Quels sont ces facteurs qui limitent le nombre de femmes dans les filières scientifiques et techniques ?
Il y a encore des stéréotypes. Peut-être qu’à la base, quand les filles
grandissent, on leur dit d’aller vers d’autres secteurs plutôt que vers des
secteurs scientifiques et techniques. Il y a que certaines femmes n’aiment tout
simplement pas les filières techniques. Et c’est normal. Si quelqu’un n’aime
pas quelque chose, il ne doit pas le faire. Mais, de manière générale, pour les
femmes et les jeunes filles qui veulent s’orienter vers les secteurs
scientifiques et techniques, quelquefois dans nos pays, ce sont les
opportunités qui manquent. Si elles ont l’accès à l’éducation qui leur permet
d’arriver là, elles vont le faire tout naturellement. J’ai été très privilégiée
d’avoir grandi dans un environnement qui m’a beaucoup encouragée et j’ai eu
l’opportunité d’aller étudier en ingénierie, alors qu’il y avait très peu
d’écoles d’ingénierie en ce moment à côté de moi. Il faut que dans nos pays,
ces opportunités existent pour ces jeunes filles, qu’elles aient par exemple
des bourses qui leur permettent d’étudier.

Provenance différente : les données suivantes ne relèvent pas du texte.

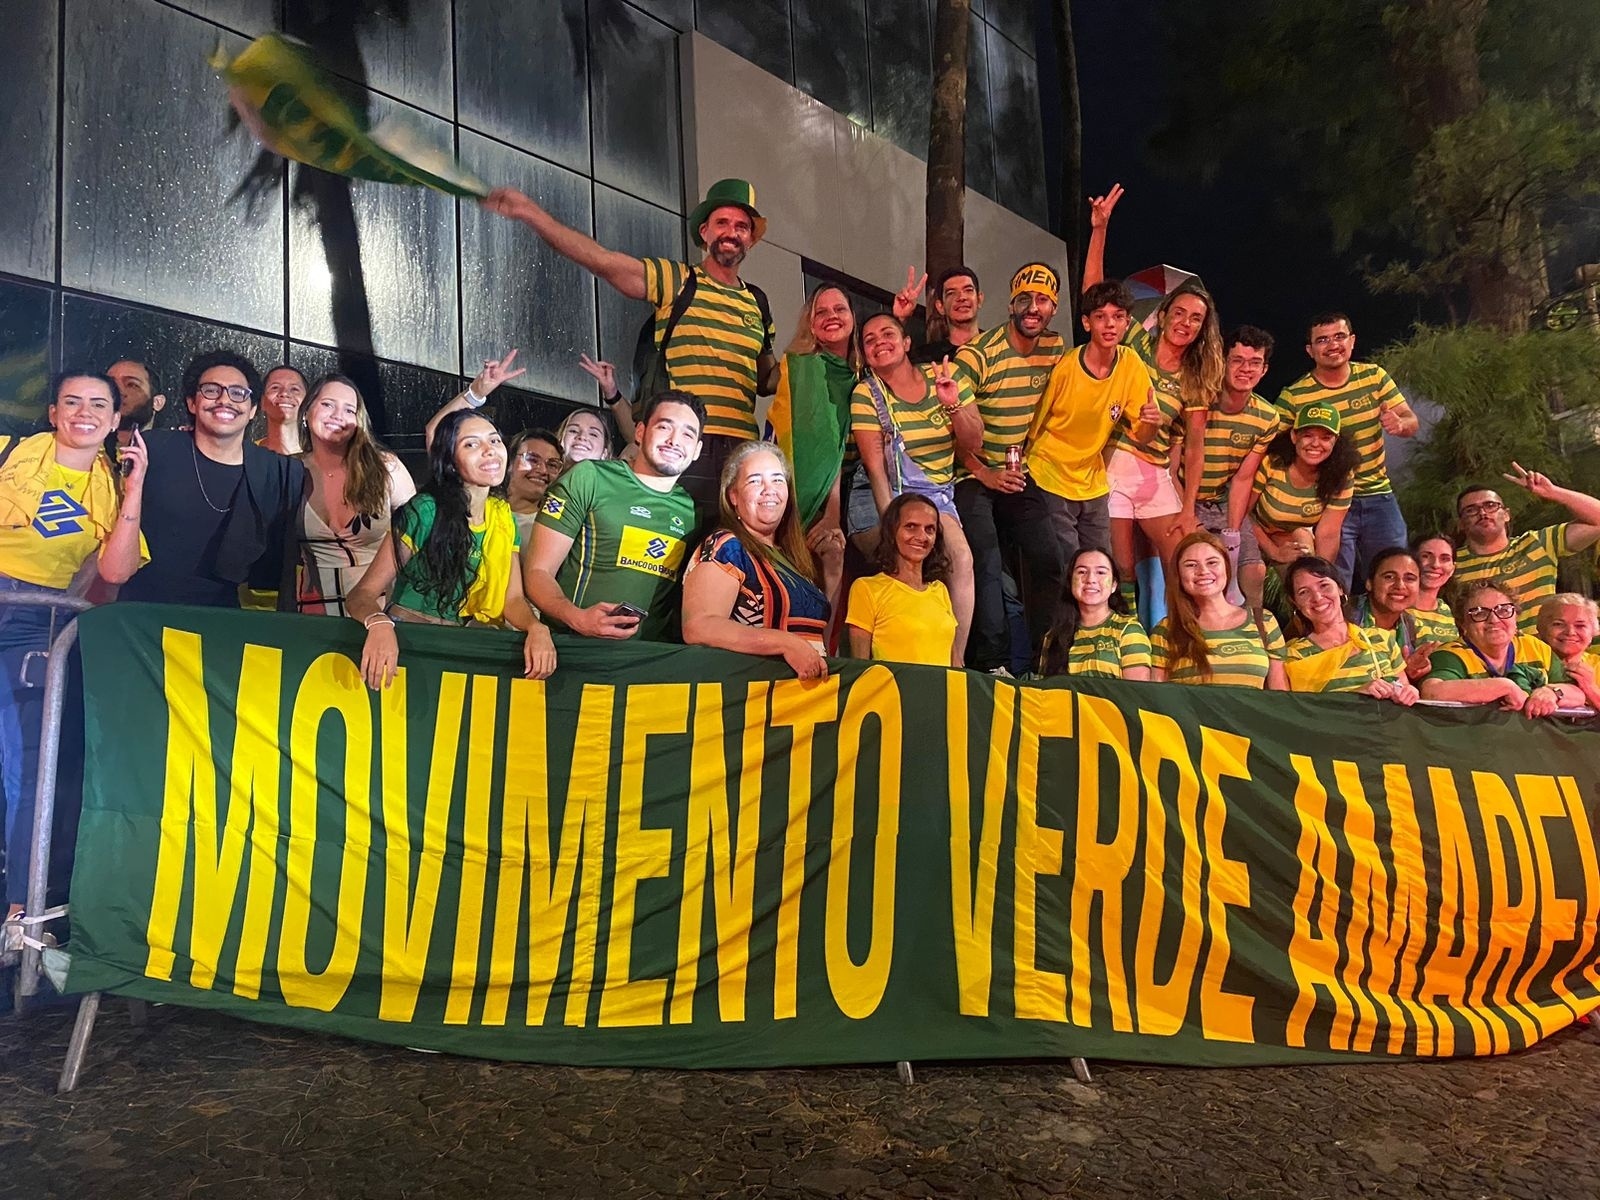 Brasil estreia no Pré-Olímpico feminino de vôlei: veja onde assistir aos  jogos - Gazeta Esportiva

C’est important d’avoir plus de filles dans ce secteur parce que dans chaque
secteur, on veut avoir un équilibre. On sait que dans l’innovation par exemple,
les femmes et les hommes ont des points de vue souvent complémentaires. Du
coup, en ayant moins de femmes dans ces domaines, on risque d’avoir des
innovations qui ne tiennent pas forcément compte des femmes. Je prends
l’exemple de la ceinture de sécurité dans les voitures. Quand une femme est
enceinte, elle se demande si elle a été conçue pour elle. Comme vous le voyez,
avoir les deux points de vue, c’est important.
Diplômée des universités de Laval et de McGill au Canada, comment vous retrouvez-vous enseignante à l’université Carnegie Mellon University Africa au Rwanda, plutôt qu’à l’université Abdou Moumouni de Niamey ?
D’abord, je suis panafricaine. J’aimerais bien enseigner à l’université de Niamey.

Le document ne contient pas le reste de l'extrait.